The bank is looking for opportunities to stem its revenue decline as overall mortgage lending volume plunges. It believes it has worked through enough of its crisis-era mortgage problems, particularly with U.S. home loan agencies, to be comfortable extending credit to some borrowers with higher credit risks.
So far few other big banks seem poised to follow Wells Fargo’s lead, but some smaller companies outside the banking system, such as Citadel Servicing Corp, are already ramping up their subprime lending. To avoid the taint associated with the word “subprime,” lenders are calling their loans “another chance mortgages” or “alternative mortgage programs.”
It is looking at customers with credit scores as low as 600. Its prior limit was 640, which is often seen as the cutoff point between prime and subprime borrowers. U.S. credit scores range from 300 to 850.

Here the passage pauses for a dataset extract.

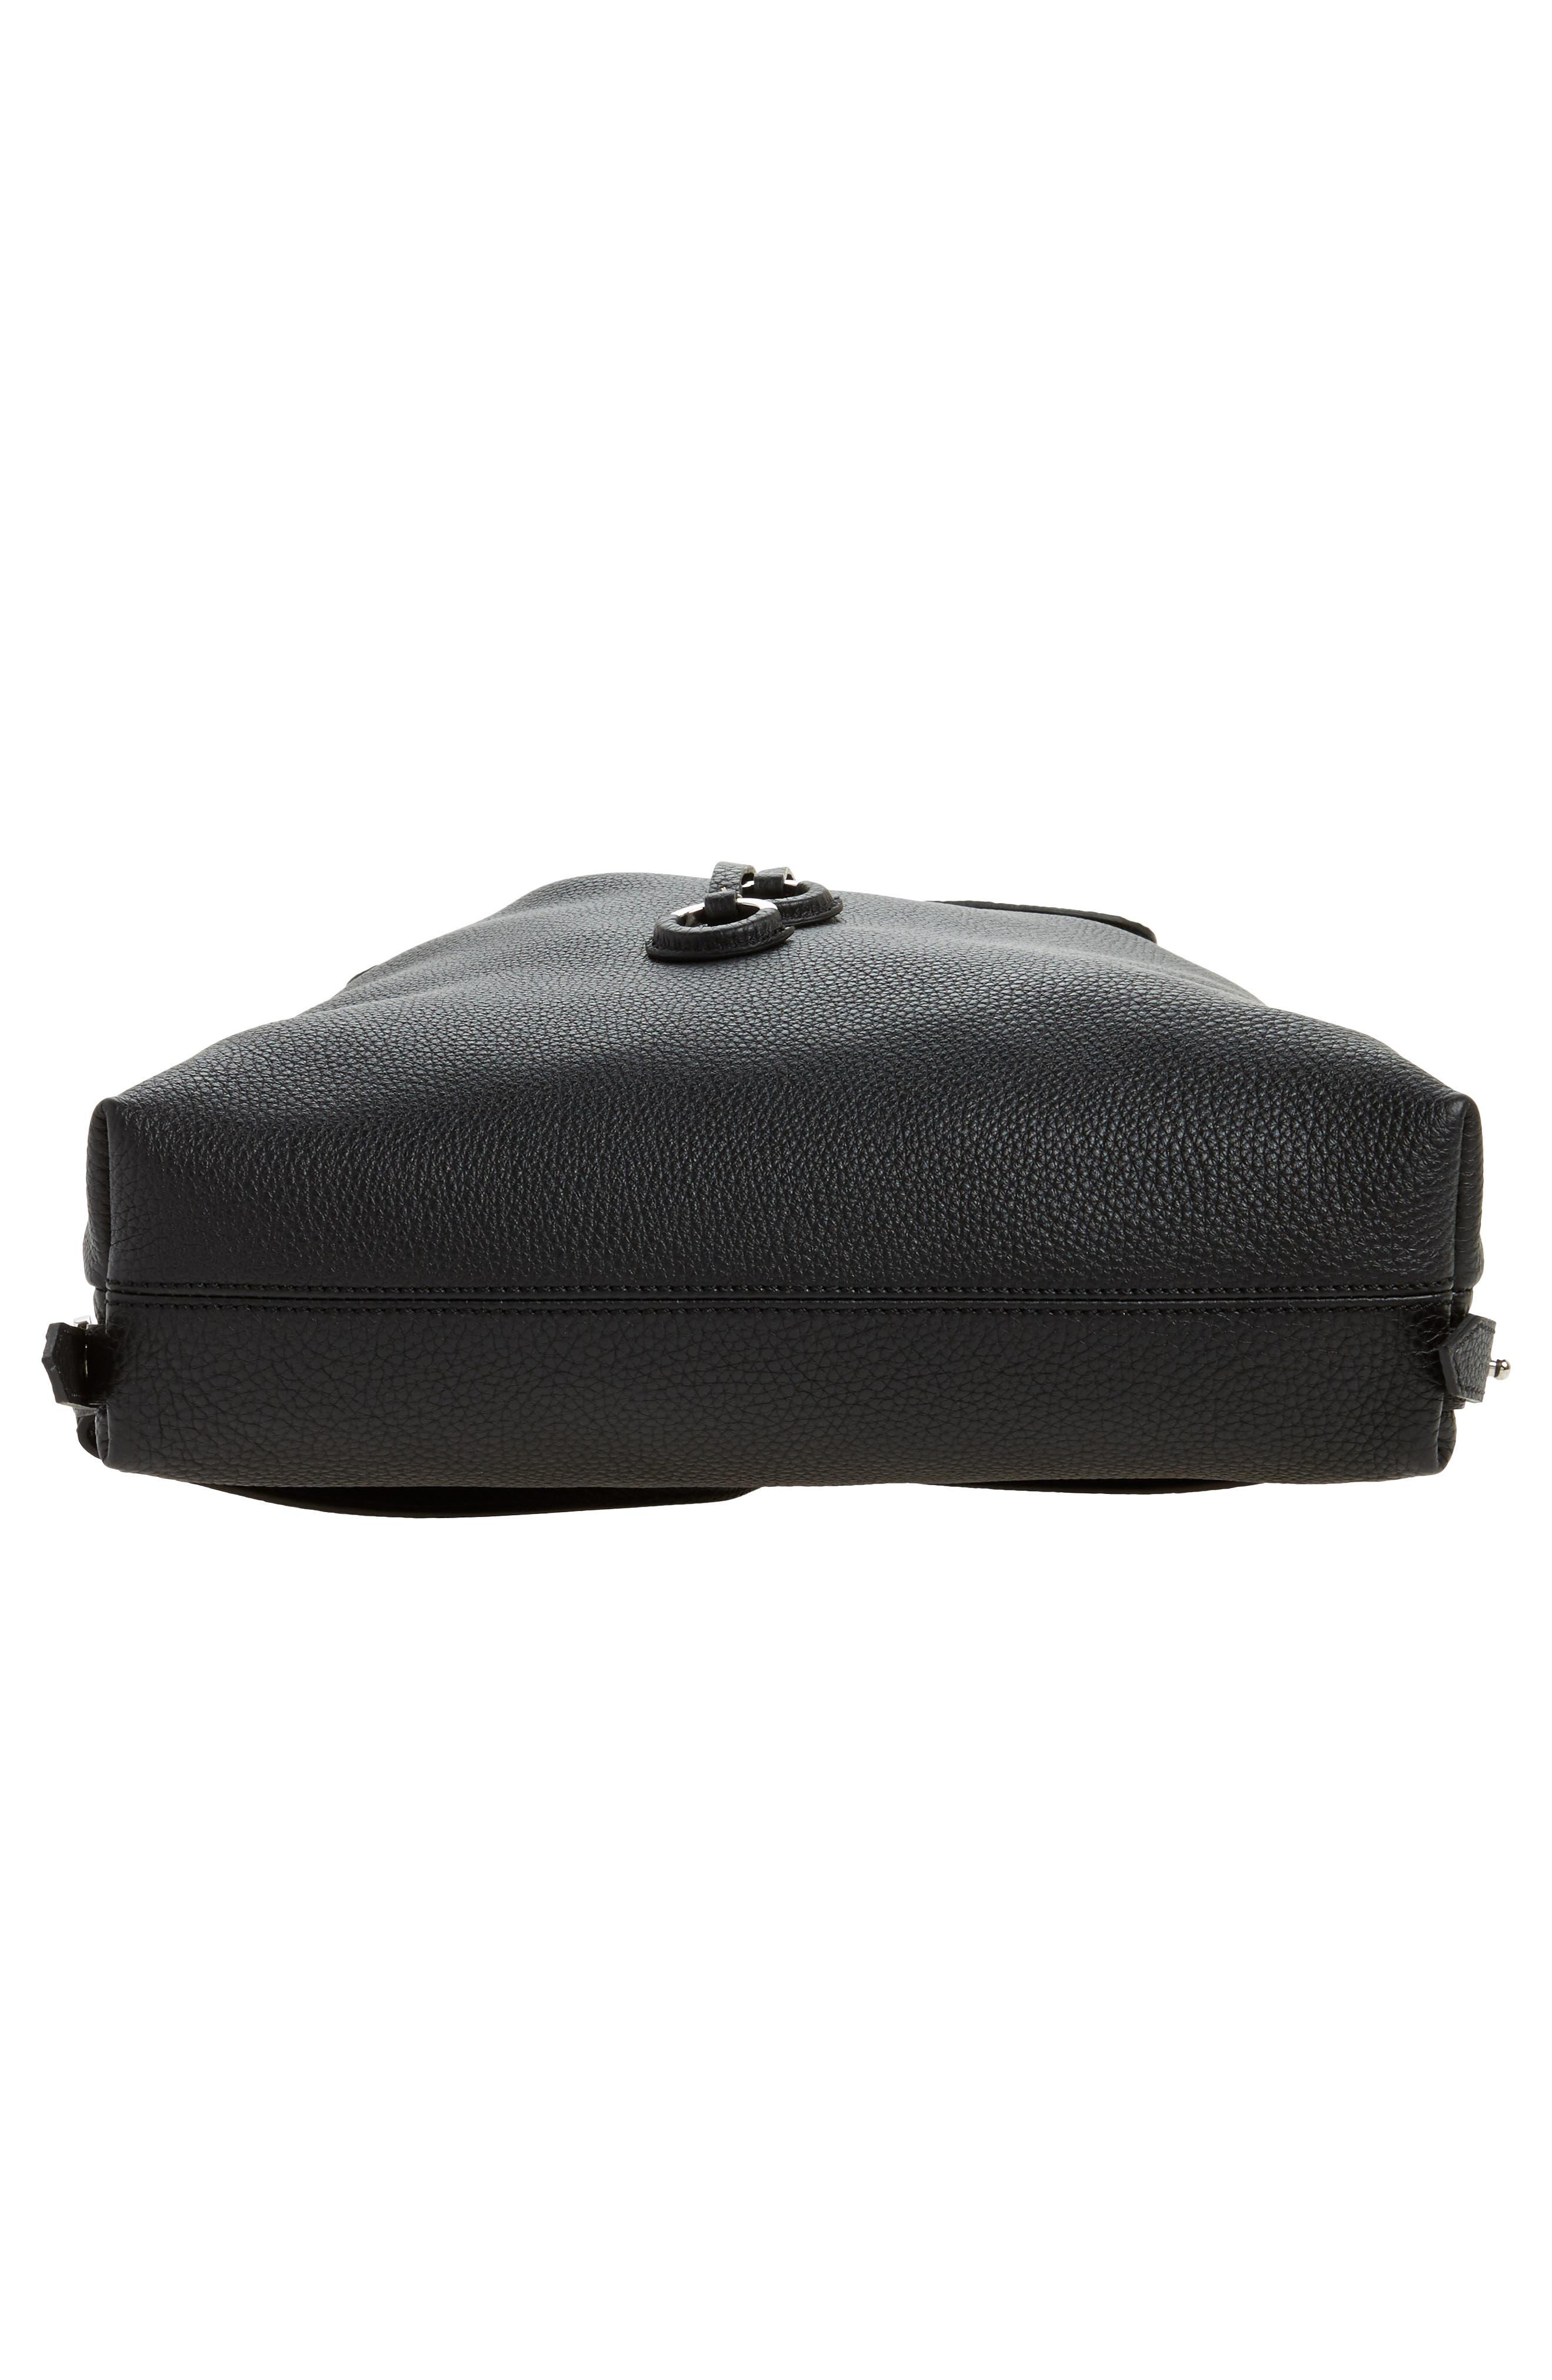 Carmen Cachemire Leather Backpack,                             Alternate thumbnail 6, color,                             Black

Lenders remain cautious in part because of financial reform rules. Under the 2010 Dodd-Frank law, mortgage borrowers must meet eight strict criteria including earning enough income and having relatively low debt. If the borrower does not meet those hurdles and later defaults on a mortgage, he or she can sue the lender and argue the loan should never have been made in the first place.
Subprime mortgages were at the center of the financial crisis, but many lenders believe that done with proper controls, the risks can be managed and the business can generate big profits.
Still, Wells Fargo isn’t just opening up the spigots. The bank is looking to lend to borrowers with weaker credit, but only if those mortgages can be guaranteed by the FHA, Codel said. Because the loans are backed by the government, Wells Fargo can package them into bonds and sell them to investors.
Taxpayers lose again.
The funding of the loans is a key difference between Wells Fargo and other lenders: the big bank is packaging them into bonds and selling them to investors, but many of the smaller, nonbank lenders are making mortgages known as “nonqualified loans” that they are often holding on their books.
Citadel Servicing Corp, the country’s biggest subprime lender, is trying to change that. It plans to package the loans it has made into bonds and sell them to investors.
Citadel has lent money to people with credit scores as low as 490 – though they have to pay interest rates above 10 percent, far above the roughly 4.3 percent that prime borrowers pay now.
But smaller, non-bank lenders are making more loans. One such company, ACC Mortgage in Maryland, is offering a “Low Credit Score Debt Consolidation Program” as well as a “Second Chance Purchase Program.” Low credit scores don’t matter. Neither do bankruptcies, foreclosures or short sales.
Happy Valentine’s Day Stephen Schwarzman.